___ RECORDED DATA ___

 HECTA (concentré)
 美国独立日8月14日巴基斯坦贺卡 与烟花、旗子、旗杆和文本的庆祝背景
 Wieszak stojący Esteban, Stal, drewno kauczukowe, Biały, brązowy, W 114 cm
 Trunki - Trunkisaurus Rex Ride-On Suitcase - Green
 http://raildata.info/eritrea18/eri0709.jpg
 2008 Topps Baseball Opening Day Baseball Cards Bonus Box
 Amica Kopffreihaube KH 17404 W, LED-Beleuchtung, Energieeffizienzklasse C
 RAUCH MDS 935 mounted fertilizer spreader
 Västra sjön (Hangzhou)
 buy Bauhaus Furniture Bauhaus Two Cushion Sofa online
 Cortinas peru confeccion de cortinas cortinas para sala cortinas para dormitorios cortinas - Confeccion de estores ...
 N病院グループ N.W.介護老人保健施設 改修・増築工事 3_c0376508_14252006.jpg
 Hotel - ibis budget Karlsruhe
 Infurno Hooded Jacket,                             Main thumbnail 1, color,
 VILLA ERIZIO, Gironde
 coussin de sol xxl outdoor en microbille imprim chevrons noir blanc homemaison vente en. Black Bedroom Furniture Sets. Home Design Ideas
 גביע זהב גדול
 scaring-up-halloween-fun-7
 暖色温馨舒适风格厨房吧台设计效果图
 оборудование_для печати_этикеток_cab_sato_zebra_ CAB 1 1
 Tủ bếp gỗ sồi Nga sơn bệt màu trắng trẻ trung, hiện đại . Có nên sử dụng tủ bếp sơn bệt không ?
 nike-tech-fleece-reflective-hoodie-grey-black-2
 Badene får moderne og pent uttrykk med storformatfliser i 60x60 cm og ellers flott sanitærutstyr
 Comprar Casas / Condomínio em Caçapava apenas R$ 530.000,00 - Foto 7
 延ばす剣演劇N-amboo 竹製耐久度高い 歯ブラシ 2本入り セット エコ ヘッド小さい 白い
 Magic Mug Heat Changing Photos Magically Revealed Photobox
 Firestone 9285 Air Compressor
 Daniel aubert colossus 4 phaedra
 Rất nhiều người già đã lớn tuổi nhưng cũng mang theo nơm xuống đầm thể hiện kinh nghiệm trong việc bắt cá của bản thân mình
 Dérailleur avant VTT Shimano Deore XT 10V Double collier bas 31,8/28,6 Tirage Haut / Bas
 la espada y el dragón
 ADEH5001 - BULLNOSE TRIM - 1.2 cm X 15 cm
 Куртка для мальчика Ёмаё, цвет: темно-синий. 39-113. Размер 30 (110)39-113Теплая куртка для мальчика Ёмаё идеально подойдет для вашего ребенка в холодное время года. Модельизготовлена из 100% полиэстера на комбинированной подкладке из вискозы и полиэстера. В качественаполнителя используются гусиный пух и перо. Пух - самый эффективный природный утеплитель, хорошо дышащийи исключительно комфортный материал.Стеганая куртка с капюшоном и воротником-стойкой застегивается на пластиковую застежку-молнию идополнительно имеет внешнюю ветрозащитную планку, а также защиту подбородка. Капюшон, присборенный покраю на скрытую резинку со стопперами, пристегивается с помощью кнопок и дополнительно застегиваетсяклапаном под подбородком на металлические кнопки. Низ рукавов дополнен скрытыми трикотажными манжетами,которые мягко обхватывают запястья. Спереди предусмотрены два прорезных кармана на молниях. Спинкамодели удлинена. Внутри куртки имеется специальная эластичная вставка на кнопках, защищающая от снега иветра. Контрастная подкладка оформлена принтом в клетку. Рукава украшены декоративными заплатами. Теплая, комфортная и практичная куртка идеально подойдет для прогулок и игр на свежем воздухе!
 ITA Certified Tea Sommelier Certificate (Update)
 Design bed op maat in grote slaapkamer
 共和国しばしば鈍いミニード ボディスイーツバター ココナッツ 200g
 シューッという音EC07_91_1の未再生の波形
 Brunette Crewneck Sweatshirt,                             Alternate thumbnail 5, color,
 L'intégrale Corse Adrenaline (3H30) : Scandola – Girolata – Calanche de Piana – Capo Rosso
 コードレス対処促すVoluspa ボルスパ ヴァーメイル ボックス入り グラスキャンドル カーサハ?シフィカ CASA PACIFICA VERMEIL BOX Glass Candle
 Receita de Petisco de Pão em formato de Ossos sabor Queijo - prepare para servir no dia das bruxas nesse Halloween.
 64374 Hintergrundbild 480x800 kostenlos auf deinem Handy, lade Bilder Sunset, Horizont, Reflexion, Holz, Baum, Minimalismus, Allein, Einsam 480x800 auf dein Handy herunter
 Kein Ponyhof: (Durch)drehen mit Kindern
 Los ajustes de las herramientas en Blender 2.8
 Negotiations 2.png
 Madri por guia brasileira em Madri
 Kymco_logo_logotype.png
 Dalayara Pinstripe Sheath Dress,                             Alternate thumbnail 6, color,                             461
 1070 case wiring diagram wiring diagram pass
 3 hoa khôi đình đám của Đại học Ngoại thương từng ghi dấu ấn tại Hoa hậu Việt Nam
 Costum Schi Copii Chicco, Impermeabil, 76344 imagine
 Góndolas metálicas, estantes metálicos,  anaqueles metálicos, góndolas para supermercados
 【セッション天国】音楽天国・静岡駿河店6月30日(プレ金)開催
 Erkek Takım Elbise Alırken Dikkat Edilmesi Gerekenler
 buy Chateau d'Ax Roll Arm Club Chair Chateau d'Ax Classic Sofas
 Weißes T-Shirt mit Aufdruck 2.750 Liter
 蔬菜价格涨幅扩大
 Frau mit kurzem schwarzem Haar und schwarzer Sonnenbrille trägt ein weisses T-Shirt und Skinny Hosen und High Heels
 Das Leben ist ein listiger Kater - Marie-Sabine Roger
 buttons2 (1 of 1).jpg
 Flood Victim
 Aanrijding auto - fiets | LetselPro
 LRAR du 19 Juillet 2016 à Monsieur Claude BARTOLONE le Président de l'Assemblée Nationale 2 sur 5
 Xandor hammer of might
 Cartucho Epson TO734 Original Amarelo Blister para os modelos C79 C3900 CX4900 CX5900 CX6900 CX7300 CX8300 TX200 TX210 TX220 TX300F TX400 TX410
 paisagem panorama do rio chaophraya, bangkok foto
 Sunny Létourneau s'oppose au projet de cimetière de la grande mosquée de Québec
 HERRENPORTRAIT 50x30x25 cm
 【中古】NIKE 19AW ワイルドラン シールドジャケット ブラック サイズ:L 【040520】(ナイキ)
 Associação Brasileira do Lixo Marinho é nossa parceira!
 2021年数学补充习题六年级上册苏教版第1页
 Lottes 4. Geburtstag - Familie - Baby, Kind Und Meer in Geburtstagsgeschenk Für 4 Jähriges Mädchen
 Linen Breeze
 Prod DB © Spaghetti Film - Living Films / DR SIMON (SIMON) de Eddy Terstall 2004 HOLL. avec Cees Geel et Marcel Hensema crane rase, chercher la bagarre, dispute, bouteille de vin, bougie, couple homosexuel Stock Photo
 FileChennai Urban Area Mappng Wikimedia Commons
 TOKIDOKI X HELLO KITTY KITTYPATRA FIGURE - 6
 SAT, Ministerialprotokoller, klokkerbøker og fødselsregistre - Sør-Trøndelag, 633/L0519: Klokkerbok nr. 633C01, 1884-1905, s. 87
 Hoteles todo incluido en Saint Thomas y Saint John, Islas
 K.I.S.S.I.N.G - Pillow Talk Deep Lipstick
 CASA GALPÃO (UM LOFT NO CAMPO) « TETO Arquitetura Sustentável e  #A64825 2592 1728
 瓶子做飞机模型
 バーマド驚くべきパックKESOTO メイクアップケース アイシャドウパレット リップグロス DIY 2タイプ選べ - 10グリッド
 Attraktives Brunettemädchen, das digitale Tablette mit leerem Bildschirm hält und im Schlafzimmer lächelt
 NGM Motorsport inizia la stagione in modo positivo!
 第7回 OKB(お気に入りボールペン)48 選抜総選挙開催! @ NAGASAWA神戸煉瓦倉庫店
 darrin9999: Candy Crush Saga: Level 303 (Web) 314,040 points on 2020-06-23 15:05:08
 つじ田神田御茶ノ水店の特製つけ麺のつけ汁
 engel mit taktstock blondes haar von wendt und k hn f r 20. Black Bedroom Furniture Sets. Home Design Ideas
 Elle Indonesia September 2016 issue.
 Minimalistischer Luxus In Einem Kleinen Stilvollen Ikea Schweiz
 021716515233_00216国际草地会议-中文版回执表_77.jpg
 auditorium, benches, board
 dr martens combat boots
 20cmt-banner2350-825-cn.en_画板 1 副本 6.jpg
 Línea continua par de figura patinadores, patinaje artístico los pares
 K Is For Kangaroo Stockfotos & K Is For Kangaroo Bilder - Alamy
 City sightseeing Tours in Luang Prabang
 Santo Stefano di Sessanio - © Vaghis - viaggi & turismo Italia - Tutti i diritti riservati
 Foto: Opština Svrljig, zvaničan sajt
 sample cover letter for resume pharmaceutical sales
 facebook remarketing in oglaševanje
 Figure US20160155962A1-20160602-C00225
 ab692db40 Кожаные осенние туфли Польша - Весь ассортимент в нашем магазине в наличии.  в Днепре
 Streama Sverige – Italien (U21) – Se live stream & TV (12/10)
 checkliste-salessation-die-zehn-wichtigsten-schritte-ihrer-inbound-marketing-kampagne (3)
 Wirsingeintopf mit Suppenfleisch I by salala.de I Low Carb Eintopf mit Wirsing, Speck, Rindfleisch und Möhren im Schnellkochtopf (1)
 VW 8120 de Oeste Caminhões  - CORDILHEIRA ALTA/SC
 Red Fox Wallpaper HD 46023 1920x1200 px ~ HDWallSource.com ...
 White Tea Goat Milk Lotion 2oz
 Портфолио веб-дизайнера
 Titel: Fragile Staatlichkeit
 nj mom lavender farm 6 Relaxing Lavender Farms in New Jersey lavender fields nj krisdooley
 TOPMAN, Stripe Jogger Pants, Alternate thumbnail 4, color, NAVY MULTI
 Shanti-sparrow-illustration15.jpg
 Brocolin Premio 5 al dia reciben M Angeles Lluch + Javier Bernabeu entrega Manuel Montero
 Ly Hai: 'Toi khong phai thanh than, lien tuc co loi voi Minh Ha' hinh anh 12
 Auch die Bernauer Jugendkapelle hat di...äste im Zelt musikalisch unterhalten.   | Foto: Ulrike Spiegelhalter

___

▶ [BRIEF] In the entries above, please find the line with "http://raildata.info/eritrea18/eri0709.jpg" and the line with "Cortinas peru confeccion", then write out exactly those two lines and every line between them, and nothing more.

▶ [RESULT OF THIS TASK]
 http://raildata.info/eritrea18/eri0709.jpg
 2008 Topps Baseball Opening Day Baseball Cards Bonus Box
 Amica Kopffreihaube KH 17404 W, LED-Beleuchtung, Energieeffizienzklasse C
 RAUCH MDS 935 mounted fertilizer spreader
 Västra sjön (Hangzhou)
 buy Bauhaus Furniture Bauhaus Two Cushion Sofa online
 Cortinas peru confeccion de cortinas cortinas para sala cortinas para dormitorios cortinas - Confeccion de estores ...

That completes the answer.